▶ _SUPPLIED MATERIAL_:
•••
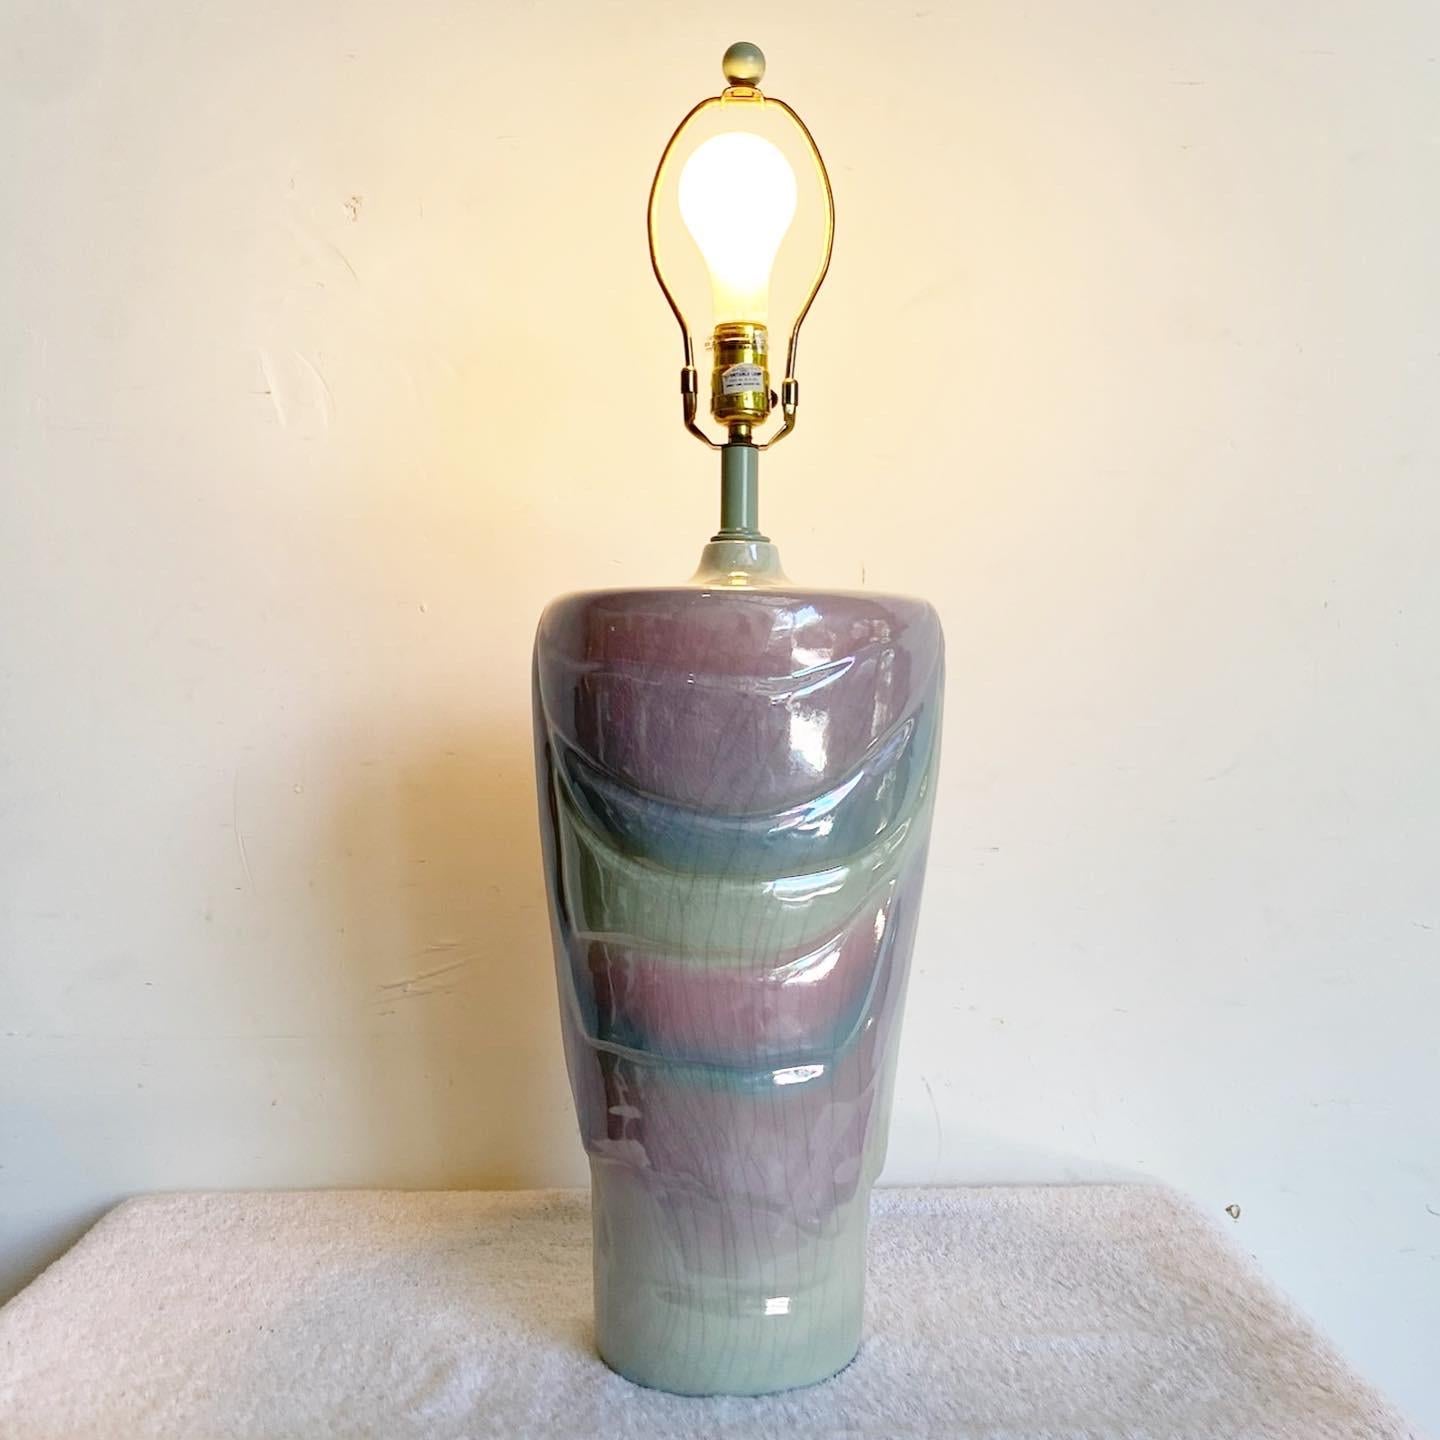 Peppen Sie Ihren Raum mit der wunderschönen postmodernen Vintage-Keramik-Tischlampe auf. Diese bezaubernde Lampe ist in Pastellblau, Lila und Rosa gehalten und verleiht jedem Raum einen lebendigen und faszinierenden Touch.

Wunderschöne postmoderne
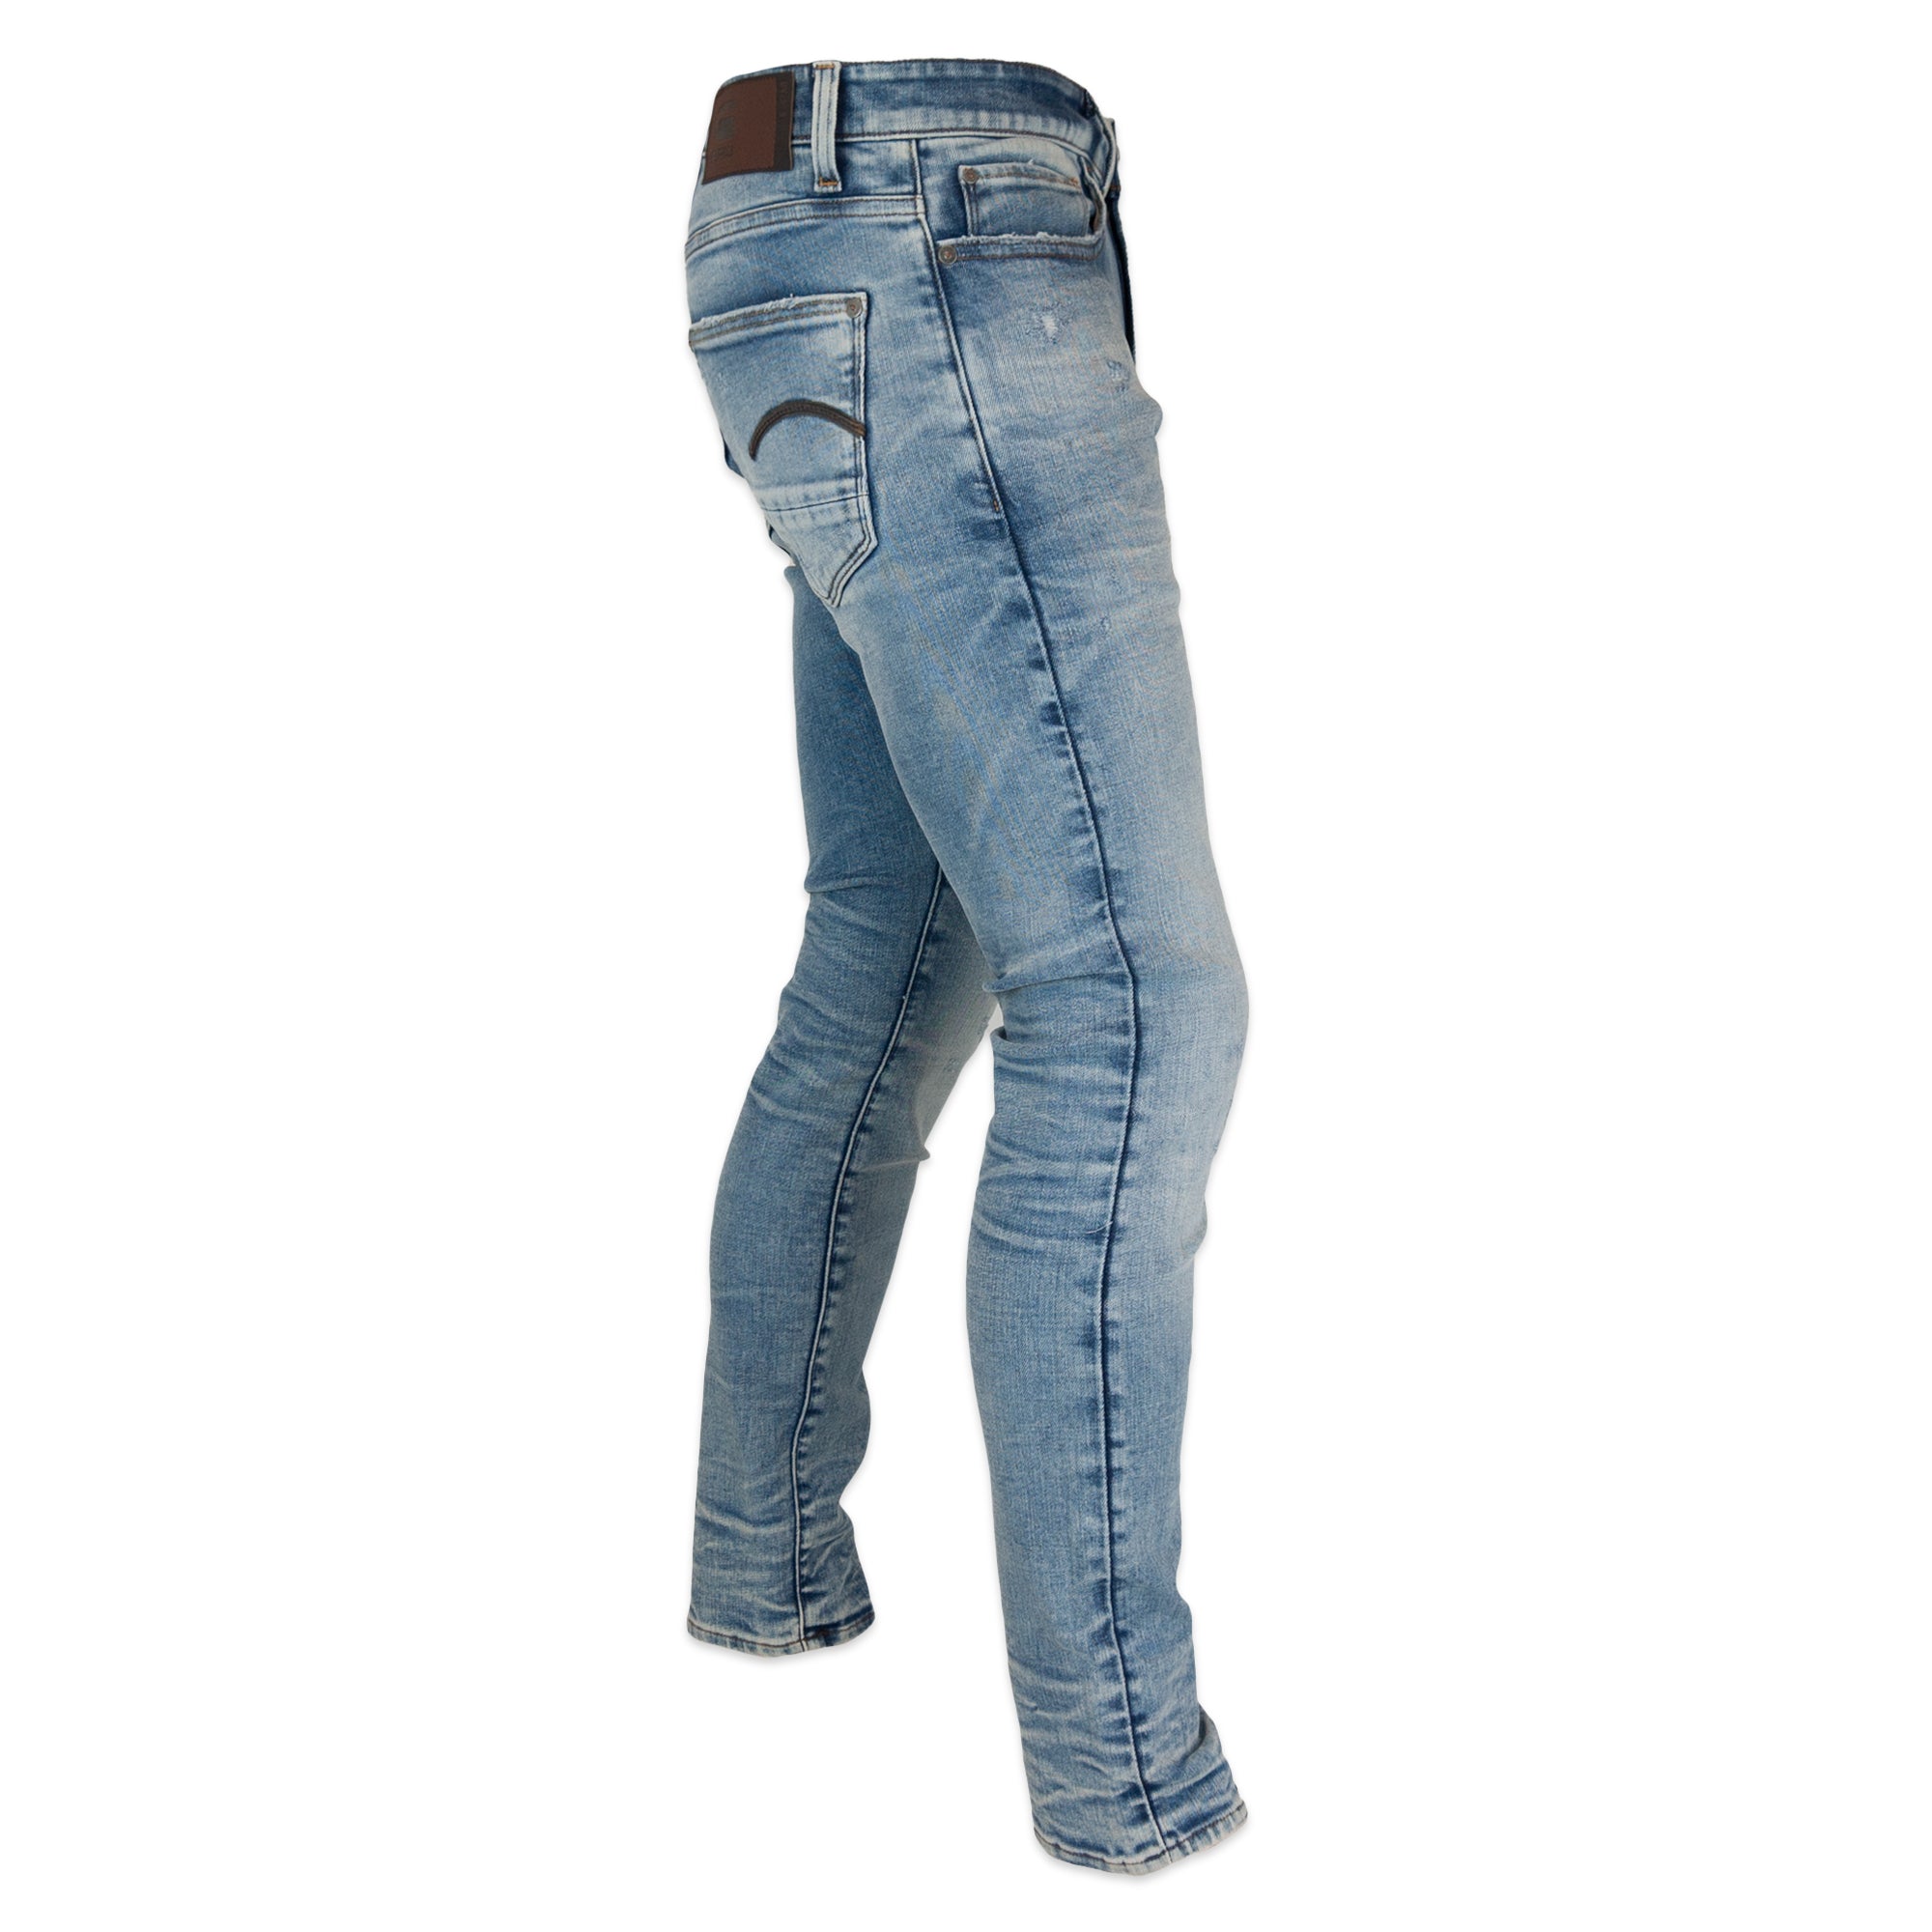 G-Star Revend Skinny Jeans - Elto Superstretch Vintage Striking Blue Destroyed
•••
▶ _ACTION ITEM_: Everything in the data except the pictures must be retyped exactly.

▶ _REPLY TO THE TASK_:
 Peppen Sie Ihren Raum mit der wunderschönen postmodernen Vintage-Keramik-Tischlampe auf. Diese bezaubernde Lampe ist in Pastellblau, Lila und Rosa gehalten und verleiht jedem Raum einen lebendigen und faszinierenden Touch.

Wunderschöne postmoderne
 G-Star Revend Skinny Jeans - Elto Superstretch Vintage Striking Blue Destroyed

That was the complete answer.